Avanzaron, un equipo de fantasmas en un santuario de odio. Weber, con su armónica de cristal equipada, no para tocar, sino para sentir las vibraciones del aire, lideraba el camino. Argent, con su Aphon, se mantenía en la retaguardia, sus ojos analíticos escaneando cada juntura, cada cableado. Elric, con el Chantepierre a la espalda, se sentía como un cirujano a punto de extirpar un tumor, sabiendo que un corte en falso podría matar al paciente. Y Brenna... Brenna se movía con la silenciosa gracia de un depredador en su propio territorio, su lira de batalla lista para cantar una canción de violencia.

Tras un descenso que pareció durar una eternidad, llegaron al corazón del complejo. Una vasta caverna circular, una catedral profana tallada en la roca. Y en el centro, la fuente de la plaga.

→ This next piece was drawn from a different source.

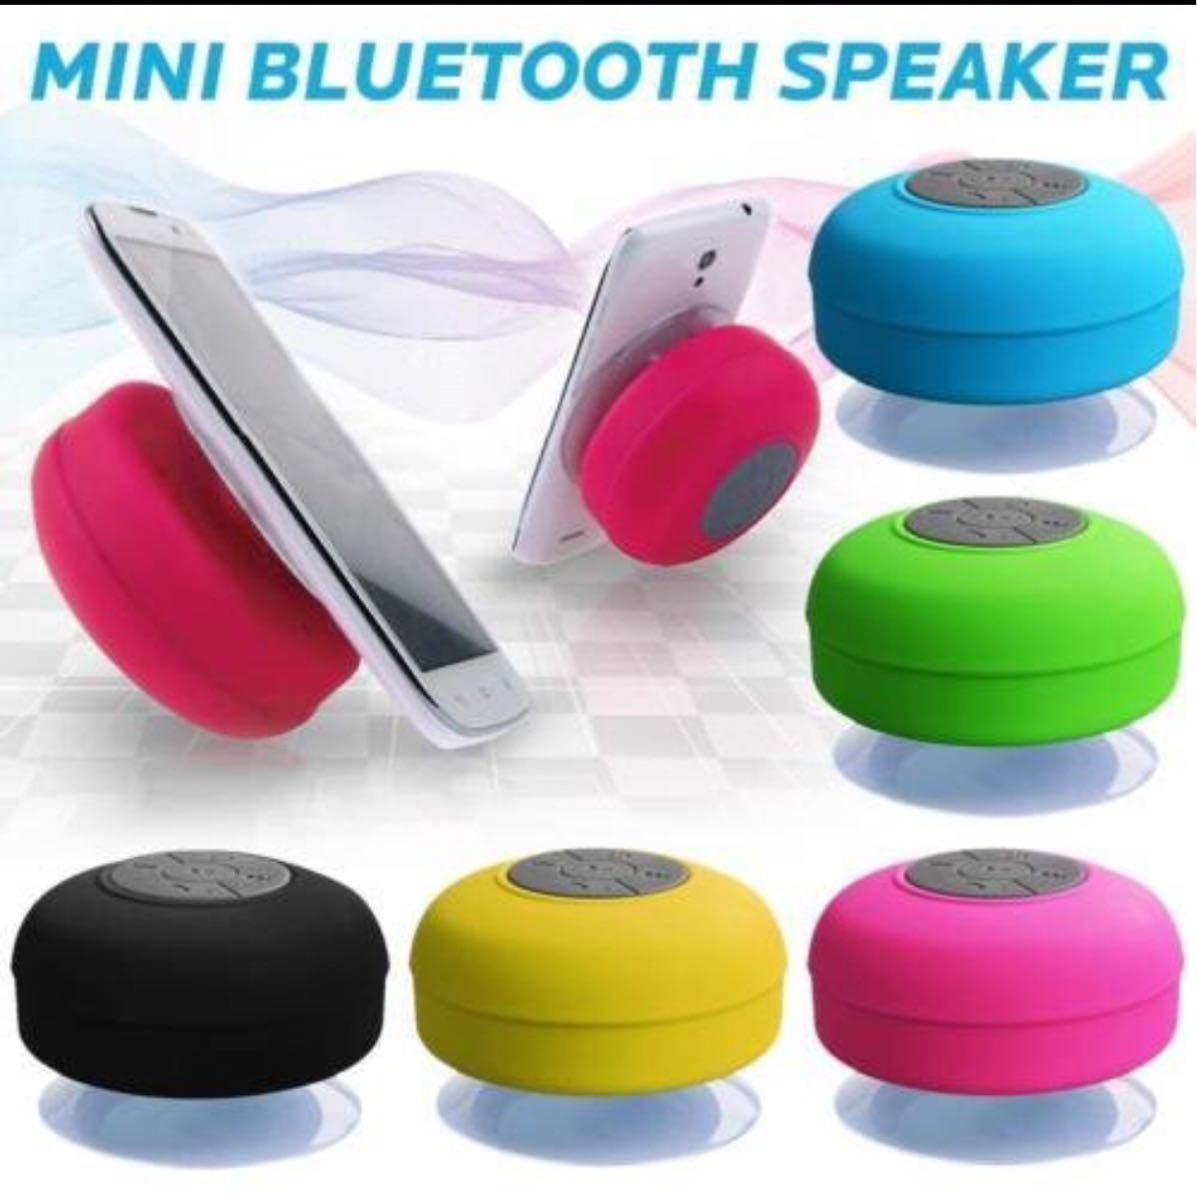 Waterproof Wireless Bluetooth Speaker Shower Handsfree Built-in MIC Player 防水ブルートゥーススピーカー 緑_画像2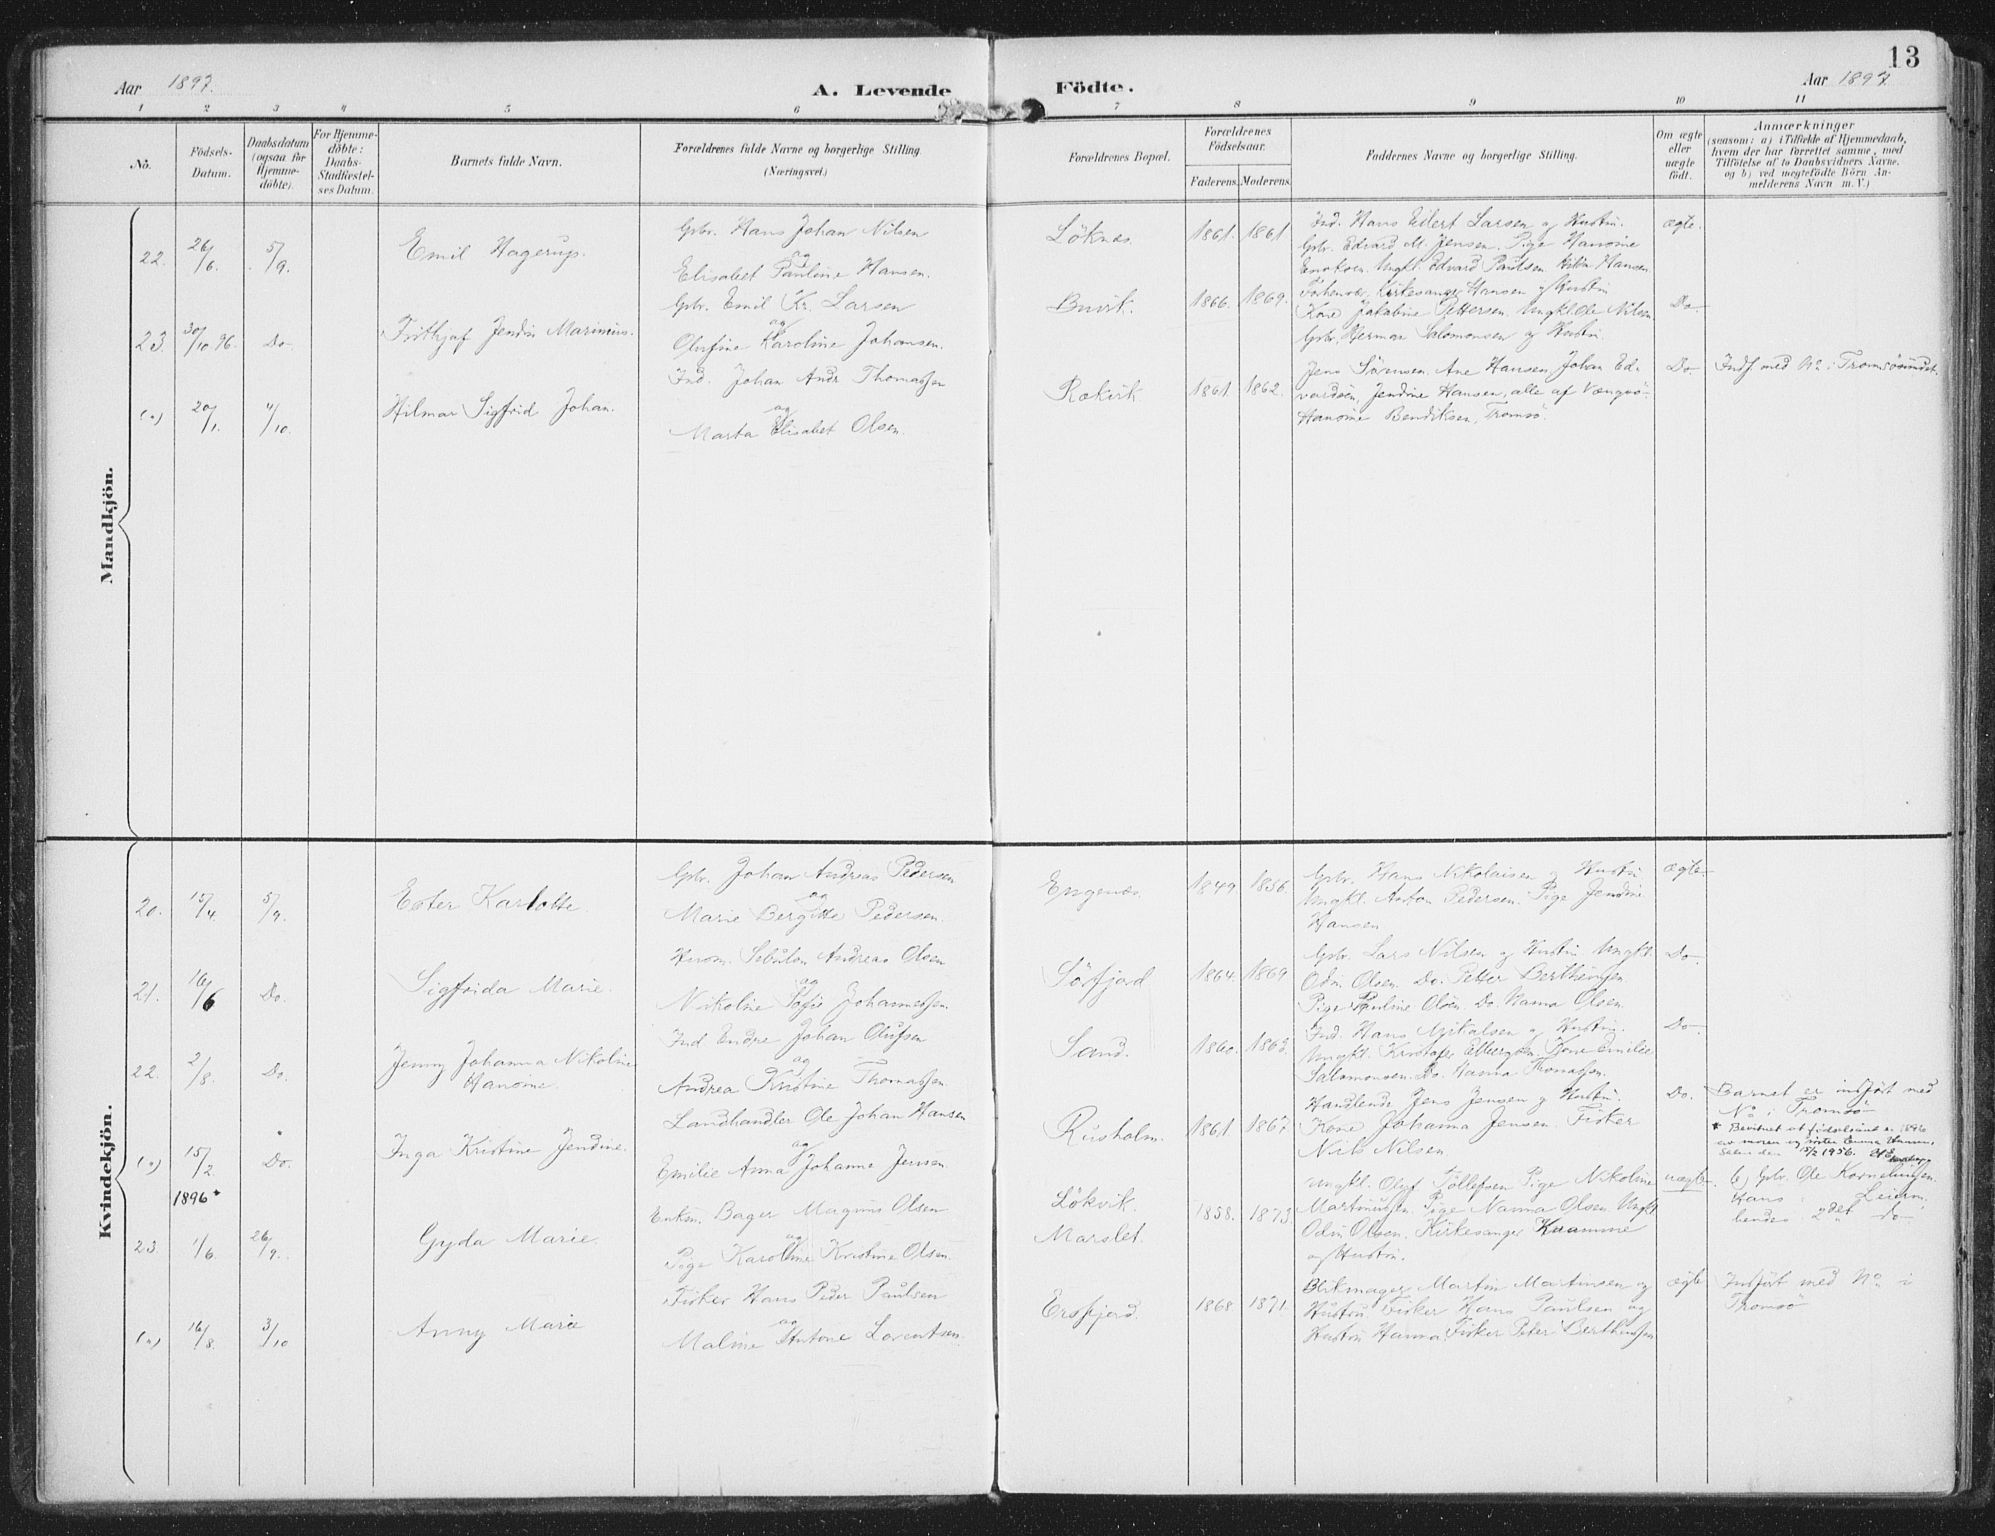 SATØ, Lenvik sokneprestembete, H/Ha/Haa/L0015kirke: Ministerialbok nr. 15, 1896-1915, s. 13

No era solo un amplificador sónico. Era una monstruosidad, un altar de tecnología herética. Un núcleo de cristal oscuro, de una tecnología que parecía demasiado antigua y demasiado avanzada a la vez, estaba conectado a una serie de amplificadores, grandes conos de latón que vibraban con una energía disonante. Cables de bio-fibra se extendían desde el núcleo como venas, conectándose a nichos en las paredes de la caverna. Y en cada nicho, un miembro de la Iglesia Antigua de la Disonancia yacía en un trance febril, sus cuerpos conectados a la máquina, "alimentándola" con su fe, con su dolor, con su rechazo a la Sonata. Eran baterías humanas, sacrificando sus almas para dar poder a su evangelio de silencio.

La visión era tan grotesca como fascinante. Una fusión perfecta de fe arcaica y tecnología de vanguardia.

«El origen de la frecuencia Penitencial», susurró Elric. «Están usando a los fieles como el combustible de su propia aniquilación».

«Necesitamos desactivar el núcleo», dijo Argent, su voz pragmática rompiendo el hechizo. «Cortar la fuente de energía debería causar un colapso en cascada».

Cuando dieron el primer paso hacia el altar, las sombras se movieron. Dos figuras emergieron de la penumbra junto a la máquina.

Uno era un Penitente estándar, un "Guardia". Un horror de acero, hueso y disonancia pura, sus extremidades terminadas en garras afiladas. Pero el otro… era peor.

Padre Malachias. Había sobrevivido. Su transformación era completa. Era más grande que el otro, su cuerpo una armadura barroca de óxido y espinas, y en el lugar donde debería estar su rostro, ahora solo había un vórtice de energía sónica negra, un agujero en la realidad que susurraba promesas de dolor. El mártir había ascendido a su propia versión del cielo: un infierno de agonía eterna.

«Falsos Profetas», resonó su voz, no desde su boca, sino desde todas partes a la vez. «Han venido a profanar el sagrado sacramento del silencio».

La batalla estalló sin más preámbulos. Fue una tormenta.

El Penitente Guardia se lanzó contra Weber y Argent. Weber respondió con una melodía simple, no de ataque, sino de interferencia, una frecuencia aguda diseñada para confundir los sensores primarios de la criatura. Argent, a su lado, era un torbellino de precisión, su Aphon no golpeando, sino tocando puntos clave en la armadura de la criatura, enviando pulsos de silencio que hacían que su bio-metal se contrajera de dolor.